Ya know Kev I will give you that your boat looks a lot nicer.  But it is not the Rolls Royce and Copperhead is not a Kia.  I would compare it more to a Chevy and a Caddy.  Chevy gets the job done.  Caddy gets the same job done but people like to point to that shield on the front and make sure other folks know they have one. I guess what it really comes down to is this; the way I see it there are two kinds of people, those who think that the clothes make the man, and those who think that the man makes the clothes. Which are you?


----------



## East_Cape (Jun 3, 2008)

Gordo,

I'm not gonna banter back and forth with you cause clearly they are two different skiffs in different price points...
I think your case better suits other brands like a ghenn,inshore,etc..

You can't compare the two as they are different lengths, price points, materials & methods, and how the base price is set-up...not to mention design which is also clearly different.
I'm glad your happy with your skiff but your view is different than mine so let's agree we disagree.
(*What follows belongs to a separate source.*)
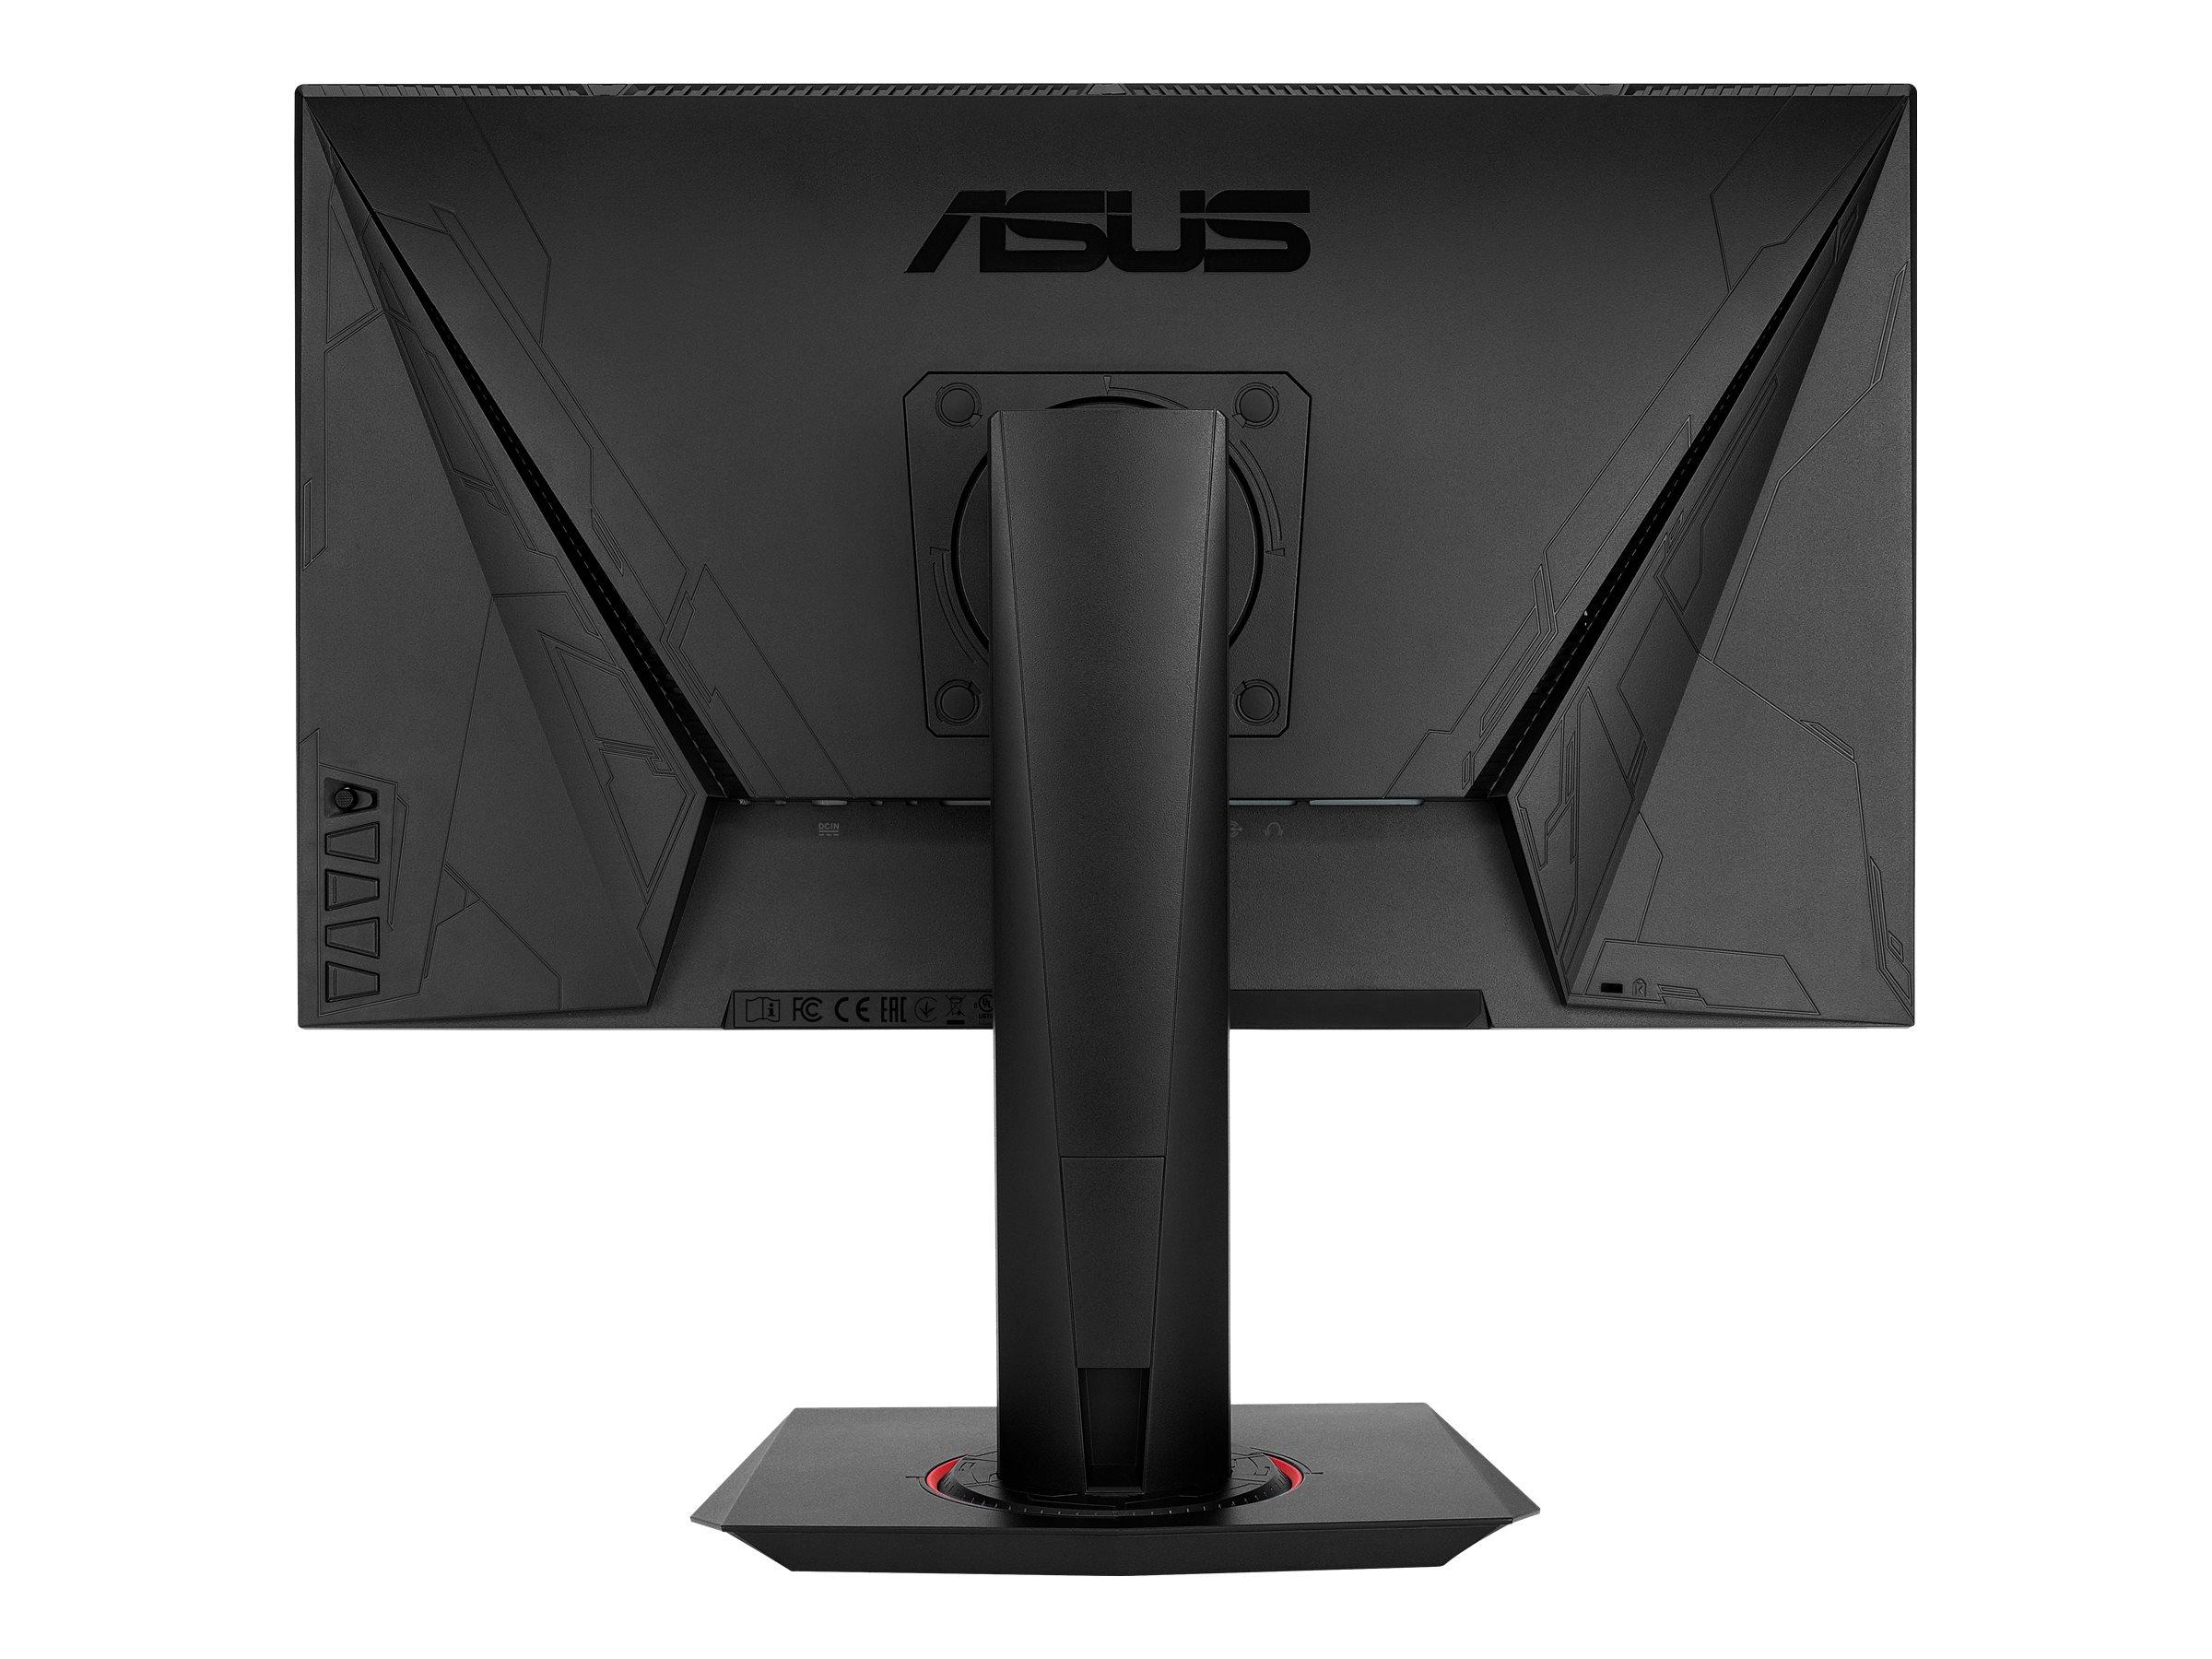 "ASUS VG248QG - LED-Monitor - 61 cm (24"") - 1920 x 1080 Full HD (1080p)"

Cool?

And to answer your question I'm both to the suit bro...
But at the end of the day we all put our pants on the same way I just happen to like mine made/look different than yours.  ;D


----------



## capt_gordon (Sep 10, 2007)

Yeah but Kev I got more inside my pants than you do. ;D ;D ;D ;D ;D ;D


----------



## TomFL (Oct 2, 2007)

This thread started off interesting and showed a sweet boat but now it's starting to sound like the FS forum... 

I'm not agreeing with either of you but who really cares whether someone else spends $10 on their boat or $100k? If that's what they want more power to them. 

People come across from Cuba on empty 55 gallon drums with a board strapped across them for chrissakes, but that doesn't mean I'd want to do it!!

Let it rest and keep on track. 

-T


----------



## capt_gordon (Sep 10, 2007)

Tom,
You are right of course. kev and i have known each other for a lot of years. just messing with each other. sorry.


----------